I have actually had a tough couple of weeks.

That issue with my good friends really bothered me. And I have had to help my Mom with a friend on her street who's daughter was sexually assulted by her father. She is a little sweetie. Who always said that she would be my WAS's and my daughter because she felt we needed children. I really missed my WAS on this issue. I have no one to talk to about this and I have bottled stuff up for two weeks.

My house mate came back from his trip to Europe ( possibly to see his EA ) But he was smart to keep the boundary and not talk about it. He was back one day and then went south to work on his marriage with his wife. Hopefully I got thru to him. Time will tell. Being human it just reminds me of my current marriage and its situation.

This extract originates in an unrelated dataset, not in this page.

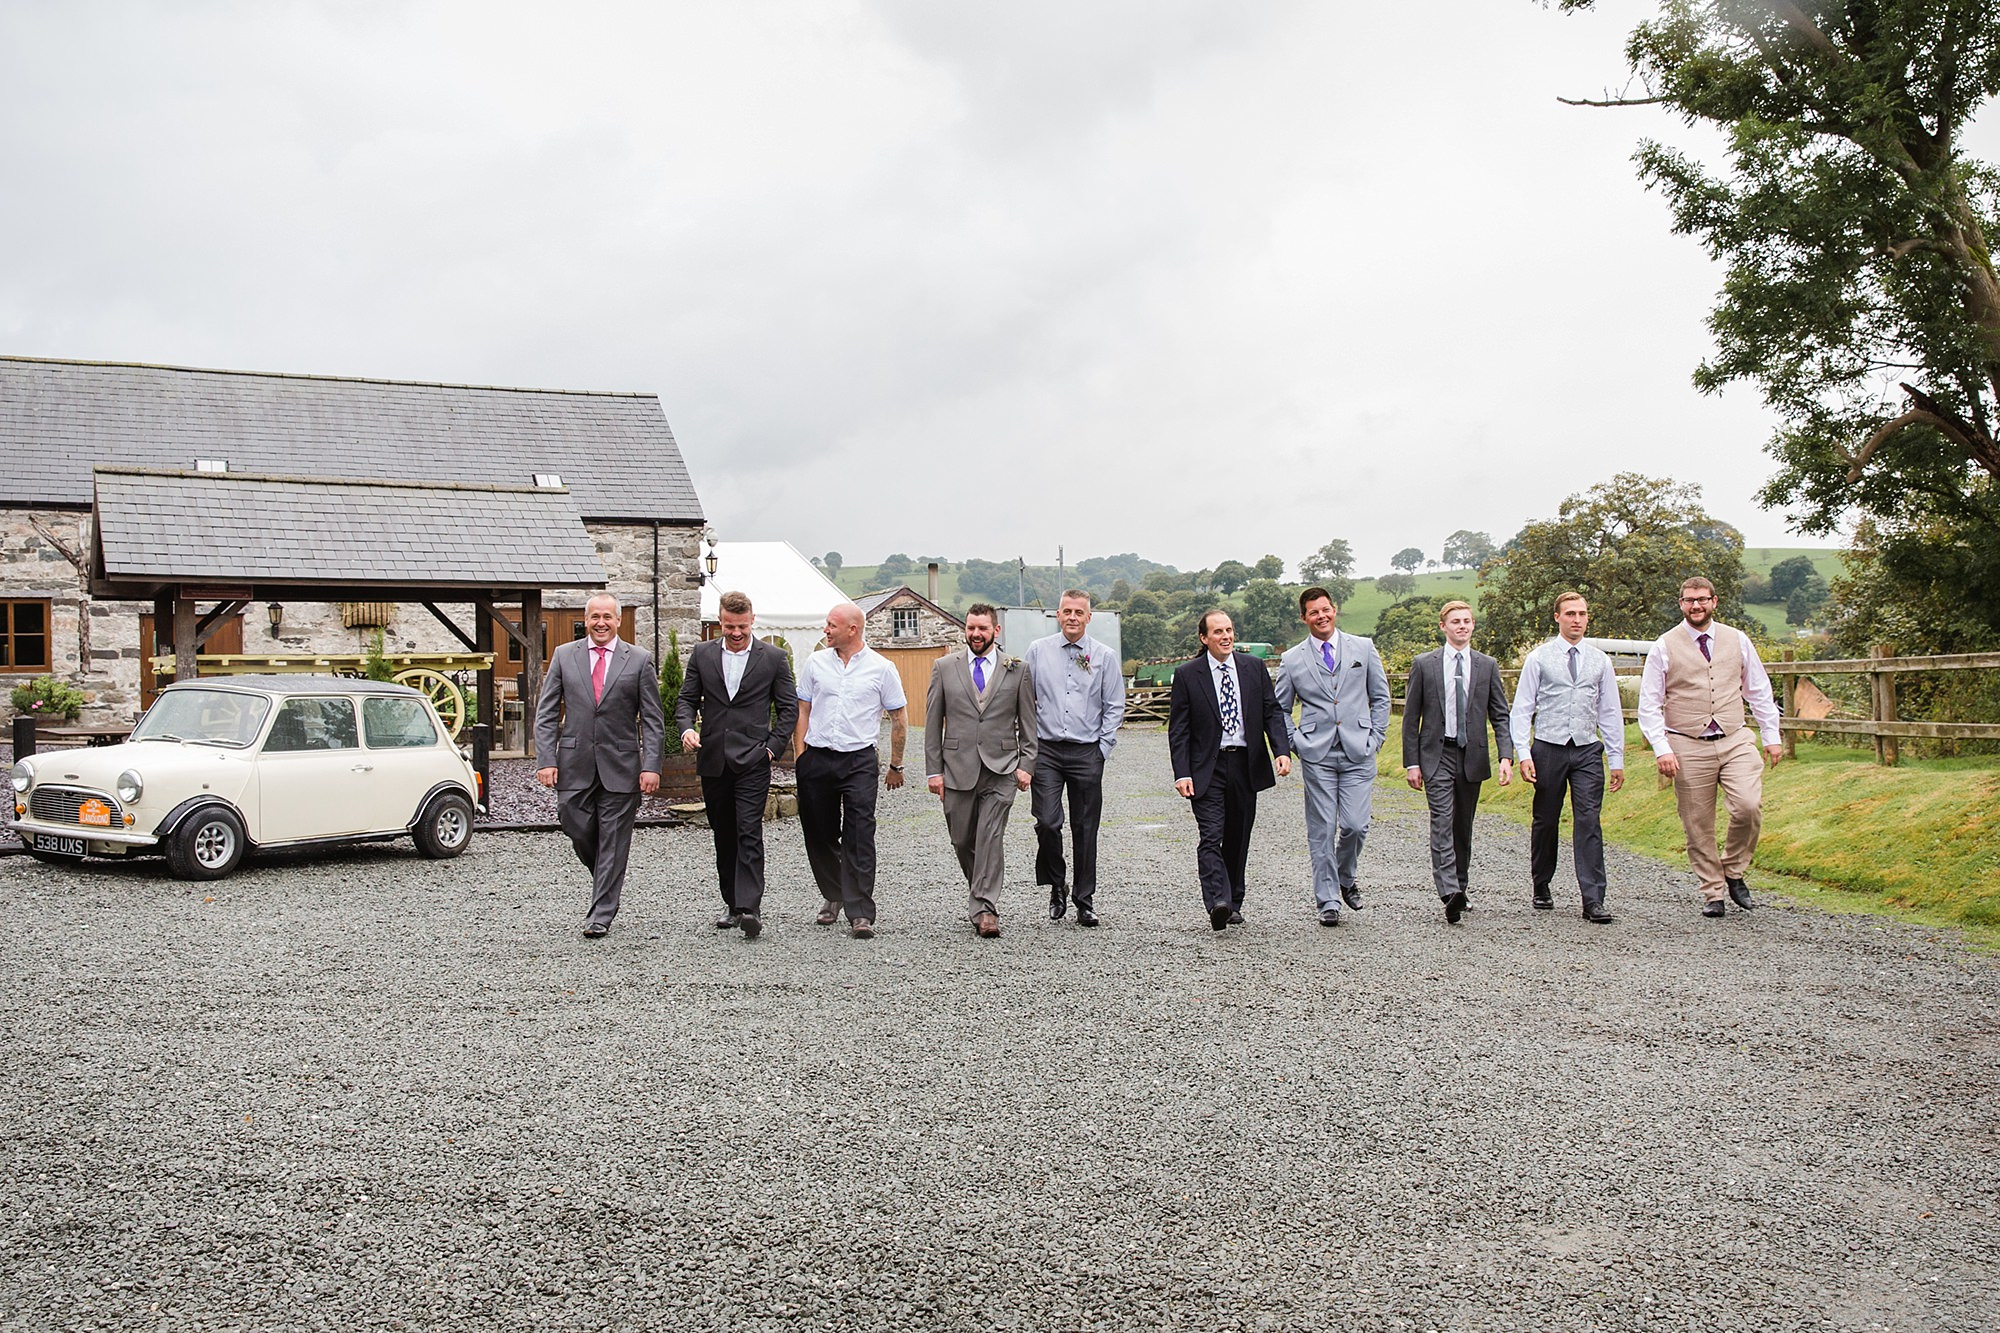 A fun wedding at Plas Isaf - groom and friends walking shot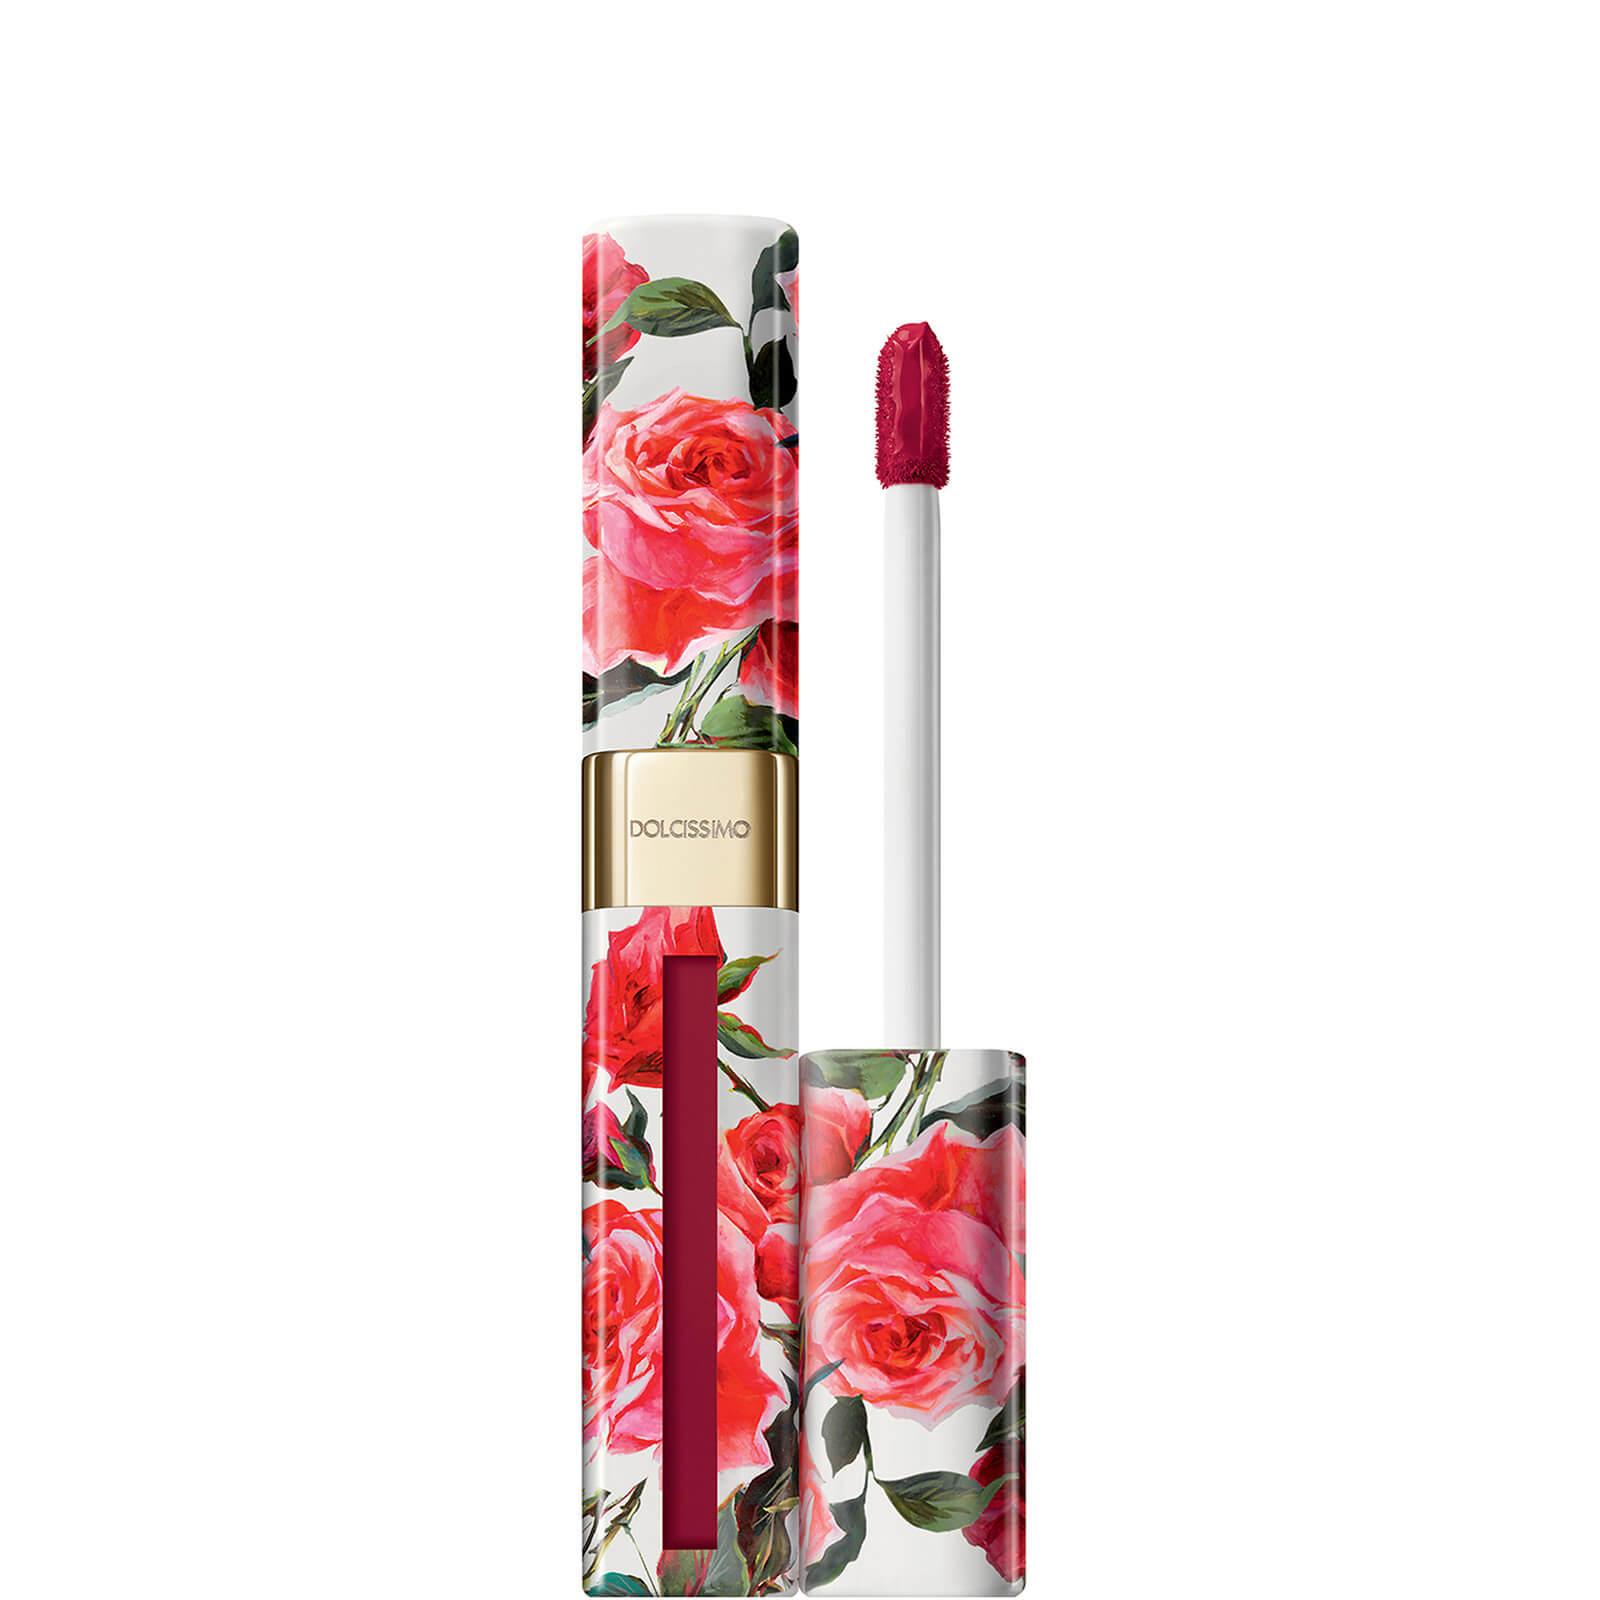 Dolce&Gabbana Dolcissimo Liquid Lipcolour 5ml (Various Shades) - Ruby 10

I have also became emotionaly attached to the girl I went out with back in early Oct. So I have kept my encounters with her apart. Like seeing each other every few weeks and only call a day before we meet up again. Mind you I have used these feelings to help myself heal from the effects of the affair and to build my self esteem. I am not going to enact on these feelings. As I enjoy our friendship. Its the oldest friendship I have outside of my immediate family. Sometimes when were together I think that she is struggling with the same feelings. But this is not the time for such things. As it is a time of healing. But I will admit that it felt good to know that I could be attracted to someone physically. I was very worried that I would not be able to get over the betrayal at that level. As for what level of physical I could reach now. Hugs and the random contacts of hands touching and other rubbing that happens when doing stuff all the time. I find I miss that contact the most. As WAS and I always were touching each other that way through out our marriage up to July. The hand rubbing on the arm. That was always enjoyable. We always smiled when that happened.



I know I sound like I am in a bad spot right now but I am not. Reflection can be worth while. I am not cycling. Actually I do not know what exactly I am feeling tonight. But I just needed to reach out. And right now this place is where I feel safe. Guess I am dealing with some waves.